Rosenberg lab at Stanford University

Noah A Rosenberg
+1 650 721 2599 (office phone)
+1 650 724 5122 (lab phone)
+1 650 724 5114 (fax)


Lab: 339 Herrin Labs
Office: 339A Herrin Labs

Mailing address
Department of Biology
Stanford University
371 Serra Mall
Stanford, CA 94305-5020 USA

Last modified 10-2-2012

Software

ADZE

ADZE is a program that implements the rarefaction method for analyzing allelic diversity across populations while correcting for sample size differences. Using individual multilocus genotype data on genetic polymorphisms, ADZE computes estimates of allelic richness, private allelic richness, and private allelic richness for combinations of populations. ADZE was used for generating Figure 1a in "Genotype, haplotype, and copy-number variation in worldwide human populations" Nature 451: 998-1003 (2008). A program note describing ADZE was published in Bioinformatics 24: 2498-2504 (2008).

CLUMPP

CLUMPP is a program that deals with label switching and multimodality problems in population-genetic cluster analyses. CLUMPP permutes the clusters output by independent runs of clustering programs such as structure, so that they match up as closely as possible. The user has the option of choosing one of three algorithms for aligning replicates, with a tradeoff of speed and similarity to the optimal alignment. A program note describing CLUMPP was published in Bioinformatics 23: 1801-1806 (2007).

distruct

distruct is a program that can be used to graphically display results produced by the clustering program structure or by other similar programs. The figures produced by distruct display individual membership coefficients in the same form as used in "Genetic structure of human populations" Science 298: 2381-2385 (2002). Various options enable the user to control left-to-right printing order of populations, bottom-to-top printing order of clusers, colors, and other graphical details. A program note describing distruct was published in Molecular Ecology Notes 4: 137-138 (2004).

haploconfig

haploconfig is a program that can be used to implement tests of neutrality based on the frequency distribution of haplotypes in a sample of DNA sequences (the "haplotype configuration") and the number of segregating sites.
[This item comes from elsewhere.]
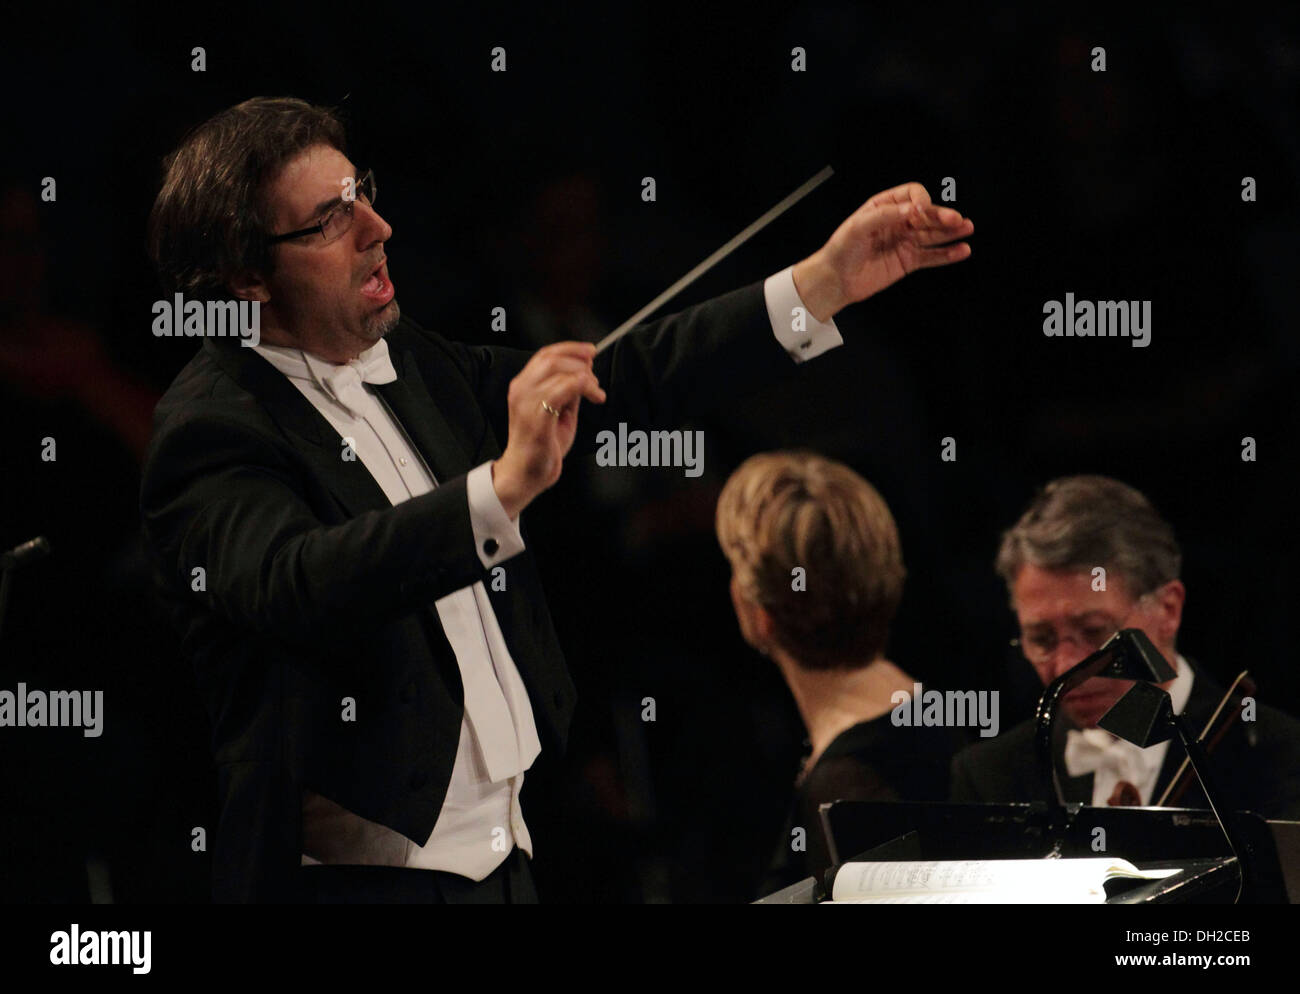 Daniel Raiskin, Chief Conductor of the Rhenish Philharmonic State Orchestra, Koblenz, Rhineland-Palatinate - Stock Image

The neutrality tests can be performed conditional on the standard neutral coalescent model with or without recombination, exponential population growth, or island migration. A description of the method underlying the program can be found in "Statistical tests of the coalescent model based on the haplotype frequency distribution and the number of segregating sites" Genetics 169: 1763-1777 (2005). The haploconfig program can also be used as a coalescent simulator for models with or without recombination.

infocalc

infocalc is a small script for calculating statistics that measure the ancestry information content of genetic markers. A description of these statistics can be found in "Informativeness of genetic markers for inference of ancestry" American Journal of Human Genetics 73: 1402-1422 (2003), with extensions in "Algorithms for selecting informative marker panels for population assignment" Journal of Computational Biology 12: 1183-1201 (2005).

MicroDrop

MicroDrop is a program that estimates allelic dropout rates from nonreplicated microsatellite genotype data. MicroDrop uses the estimated dropout rates to provide imputed data sets that sample missing genotypes (and replace some homozygous genotypes) using an allele frequency model with or without Hardy-Weinberg equilibrium. A description of the method underlying the program can be found in "A maximum likelihood method to correct for allelic dropout in microsatellite data with no replicate genotypes" Genetics 192: 651-669 (2012).